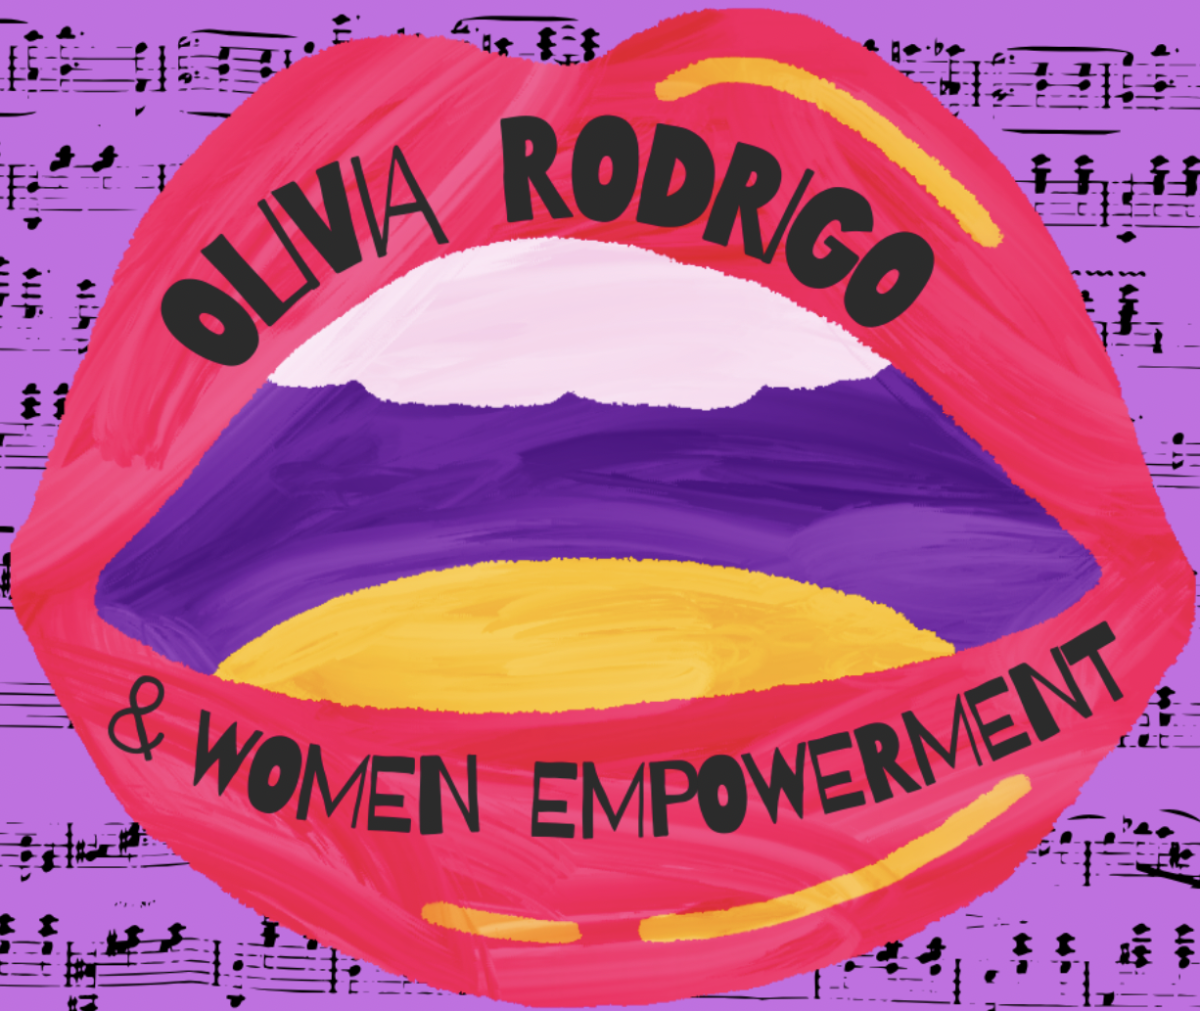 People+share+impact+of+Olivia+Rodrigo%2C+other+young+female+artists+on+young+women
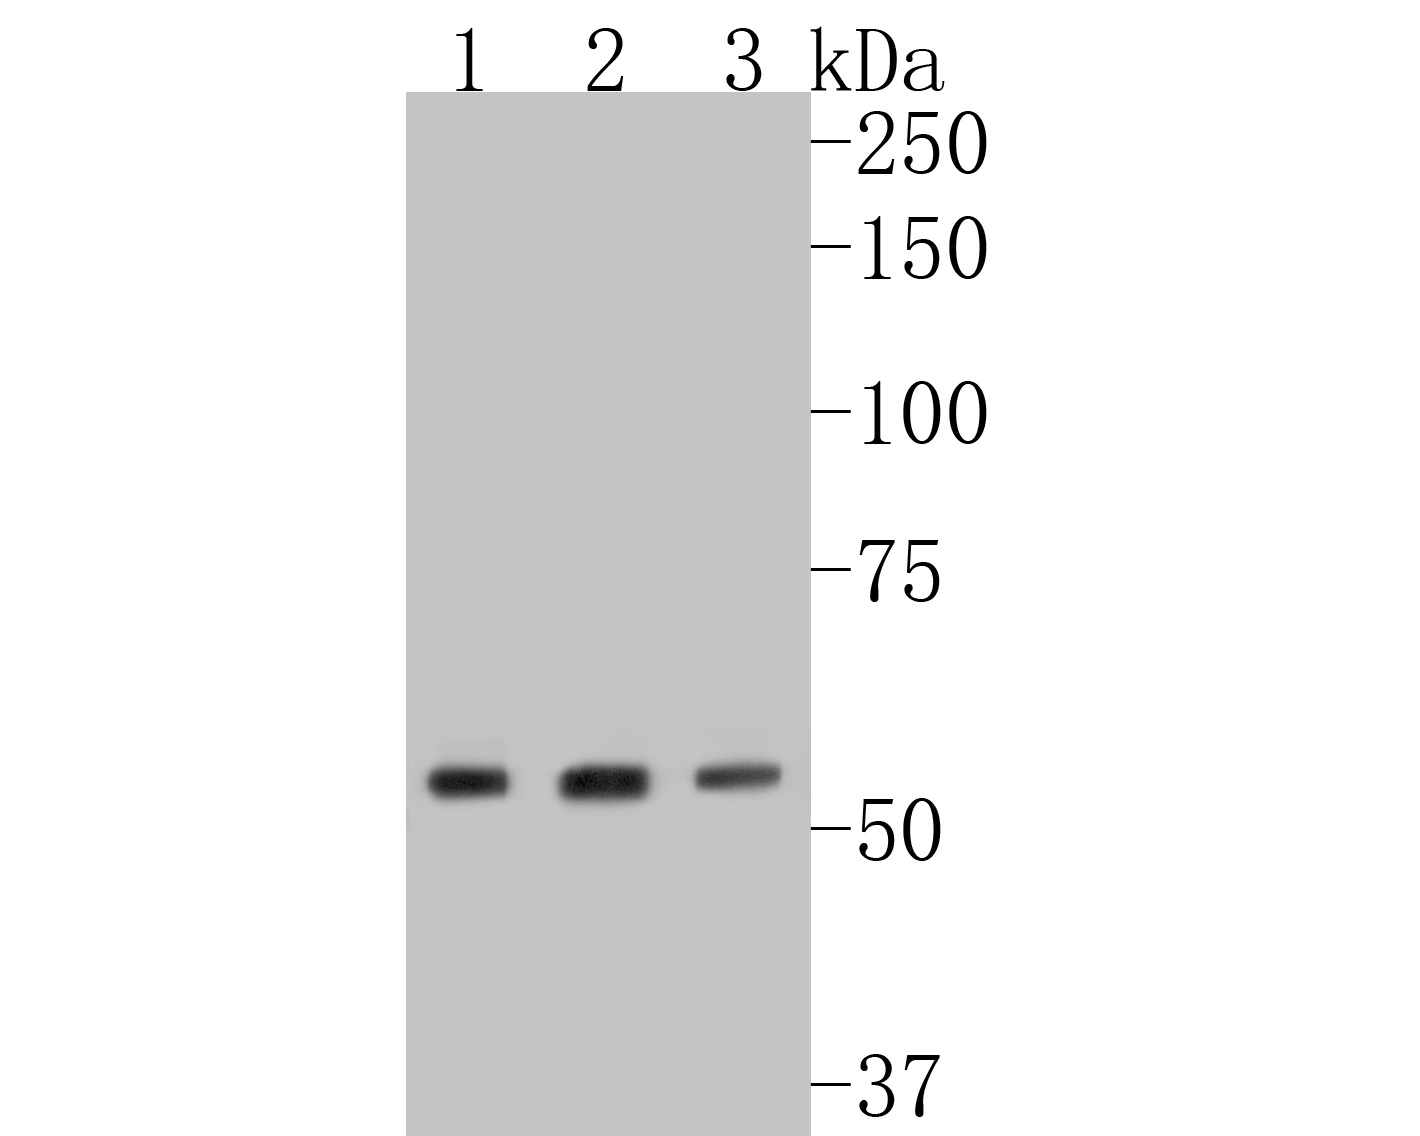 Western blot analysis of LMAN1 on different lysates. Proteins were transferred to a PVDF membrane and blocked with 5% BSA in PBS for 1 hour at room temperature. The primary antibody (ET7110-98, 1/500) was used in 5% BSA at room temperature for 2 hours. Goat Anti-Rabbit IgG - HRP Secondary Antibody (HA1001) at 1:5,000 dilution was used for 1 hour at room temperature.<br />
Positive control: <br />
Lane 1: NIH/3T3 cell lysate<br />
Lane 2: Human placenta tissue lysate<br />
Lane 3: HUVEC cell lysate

#####

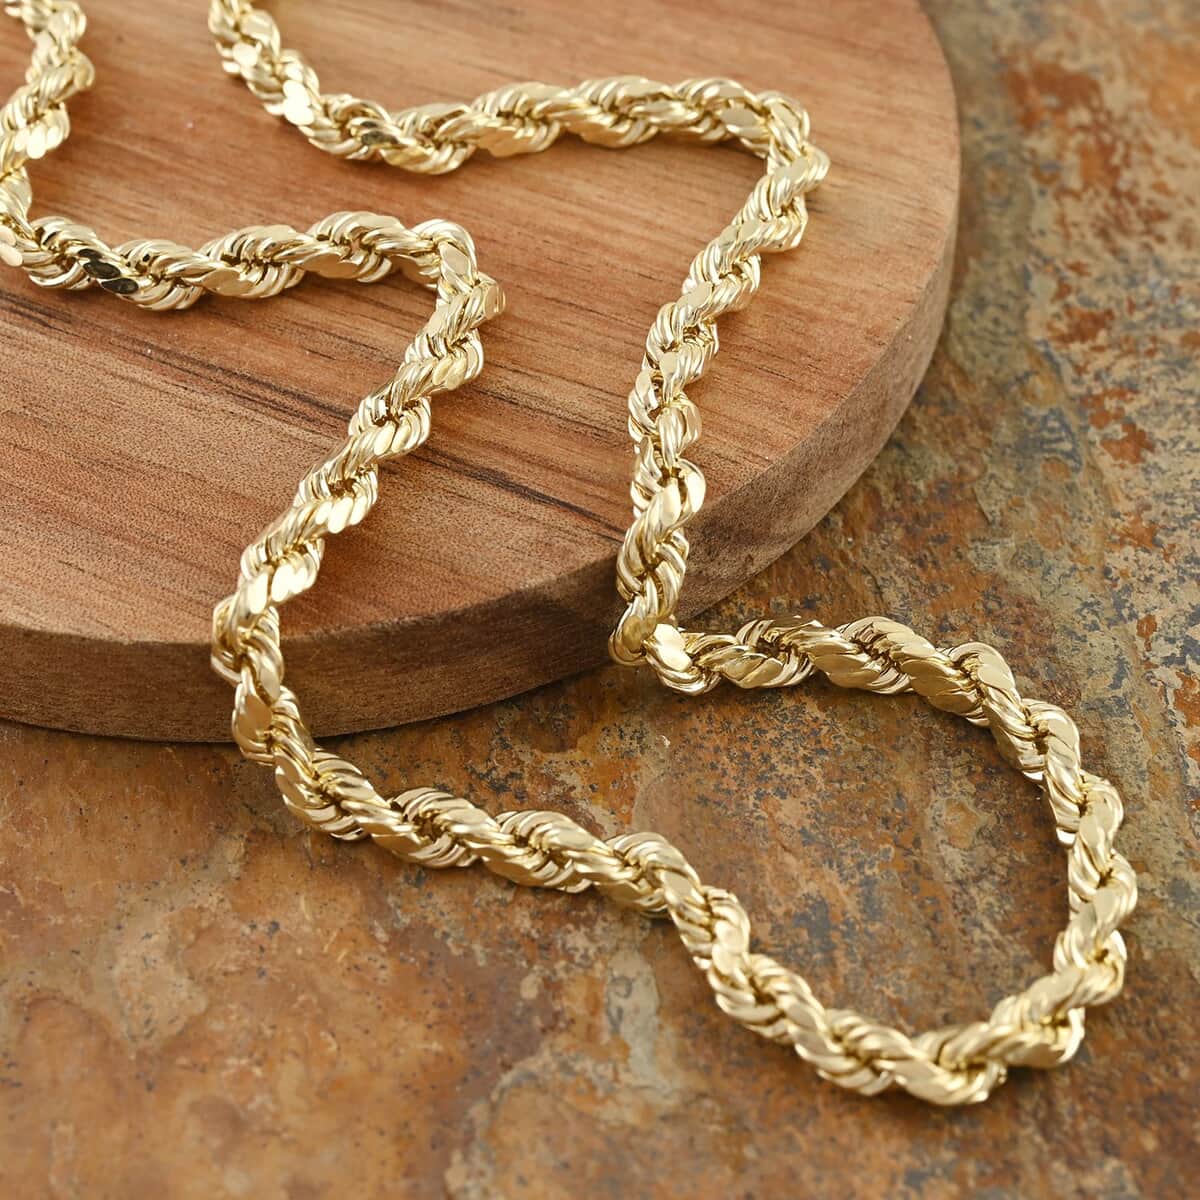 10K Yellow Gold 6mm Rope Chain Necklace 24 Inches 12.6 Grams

#####

All lines in the records above with "cell" need to be found and copied.

◆ **EXERCISE RESULT**
Lane 1: NIH/3T3 cell lysate<br />
Lane 3: HUVEC cell lysate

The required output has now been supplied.